Желтая свеча и обгорелая рука Красного Генерала. Голый, залитый светом коридор и разбитая голова Офицера, падающая в лужу крови. Железная арматура баррикады и набегающие на мокрый асфальт солдаты. Солнечный блеск реки и идущий по сияющим водам Добровольческий полк. Черная дыра подземелья, мелькнувшая в луче фонаря проворная крыса.
Все поднималось, сворачивалось в рулон, как в огромной морской волне, перевертывалось, превращалось в пену, в шум, в яркий удар и взрыв. И там, где недавно громоздились сиденья, пугали, ожесточали, побуждали ненавидеть и действовать, там после вспышки и взрыва – бархатная, расшитая цветами подушка, ее лицо, ее шепчущие губы: «Люблю…»
Они лежали в светлой, с пятнами осеннего солнца комнате. Катя говорила, он слушал, но ему был важен не смысл ее слов, а их звук, их сочетание с прозрачным сентябрьским солнцем, с медной иконой, со своей счастливой опустошенностью. Словно пал тихий волнистый туман, отделивший его ото всего остального мира. Он видел и знал этот мир, но мир не видел его. Он был спрятан от мира, укутан в чудный покров. Ее слова были не смыслом, а звуком, и он хотел, чтобы этот покров сохранялся как можно дольше, звук раздавался как можно дольше, не превращаясь в слова и смысл.

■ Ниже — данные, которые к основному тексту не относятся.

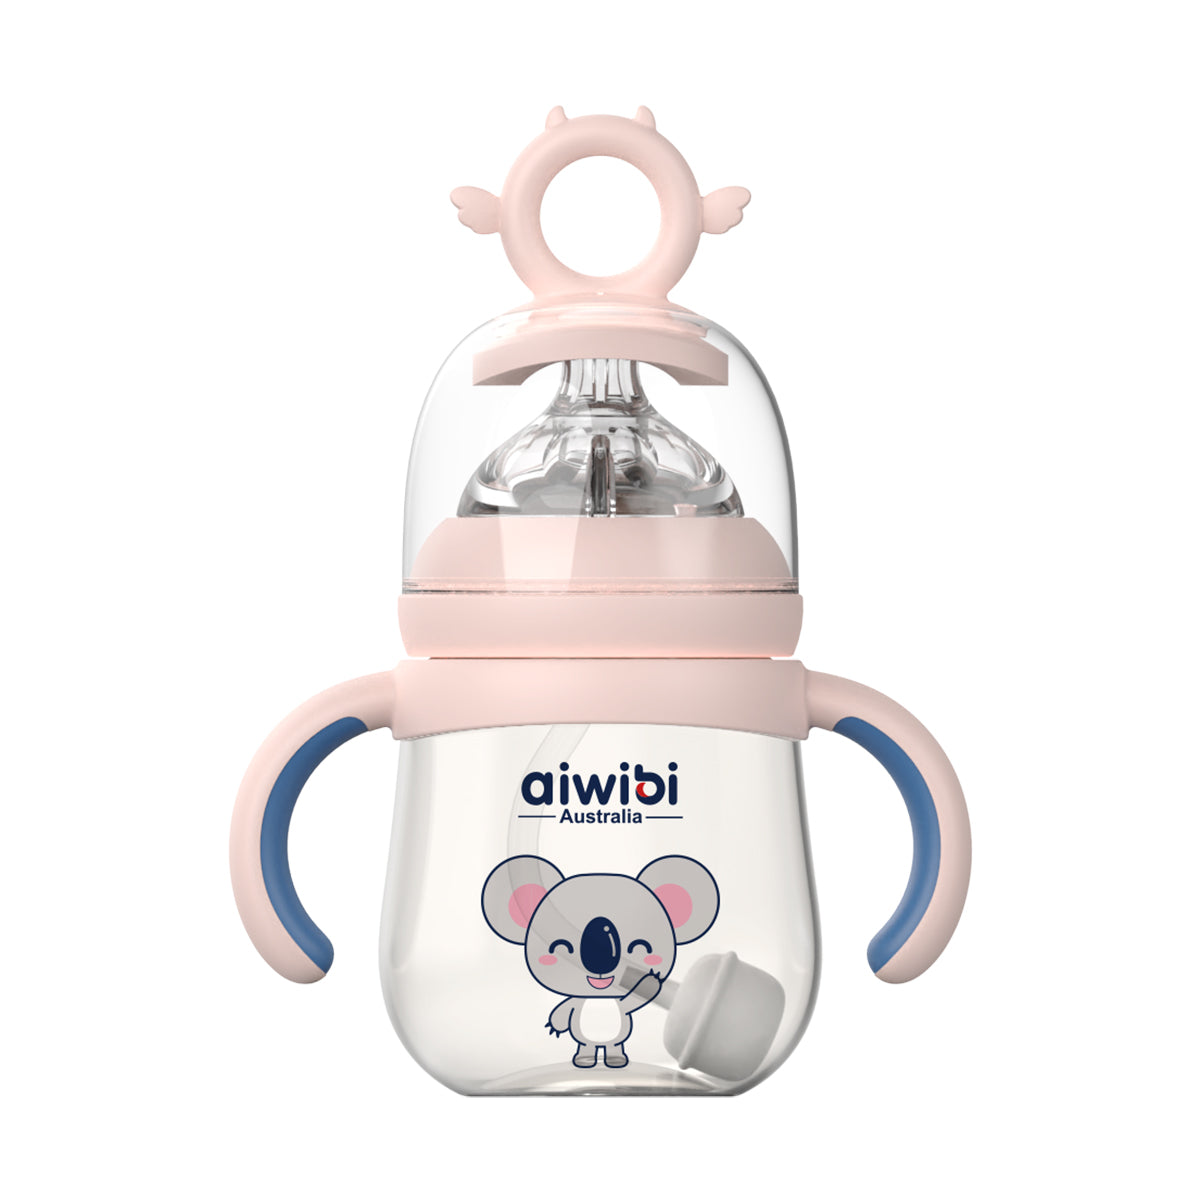 BPA-FREE Baby Feeding Bottle with Flexible Straw Design Allow 360° Drinking 180ml

– Я звонила тебе раз сто на день – телефон молчит, ходила к тебе домой – никто не открыл. Я знала, что ты там, с твоими друзьями. Знала, что у вас отключили телефоны, взяли в кольцо. Когда по телевизору показывали того несчастного офицера, который брал штурмом штаб, показывали убитых, раненых, мне померещилось, что в толпе находился ты. Утром я побежала к Дому Советов, но там повсюду солдаты, колючая проволока. Издалека я видела ваших людей – какие-то казаки, люди с флагами. Ты мне опять померещился. Стала тебе кричать, но охранник в белом шлеме больно ударил меня.
Ему мерещился тот давний, в детстве, туман над вечерним скошенным лугом. Он убежал из уютной маленькой дачки, где они отдыхали с мамой и бабушкой. Решил ночевать в копешке. Зарылся в пахучее сено, в глубокое, тихо шуршащее гнездо. Заслонился легкими, пропускающими воздух стеблями. Ждал, когда сядет солнце, когда подымется над лугом туман, скроется одинокая, оставленная на ночь лошадь, взойдет над лугом красная луна. Он лежал среди таинственных, пугающих и волнующих звуков ночи, окруженный сказочными духами лесных опушек, травяных болот, речных омутов, когда в белых свитках тумана раздались тревожные голоса мамы и бабушки. Искали его, окликали, а он не отзывался. Притаился в гнезде, скрытый волшебным, озаренным луной туманом.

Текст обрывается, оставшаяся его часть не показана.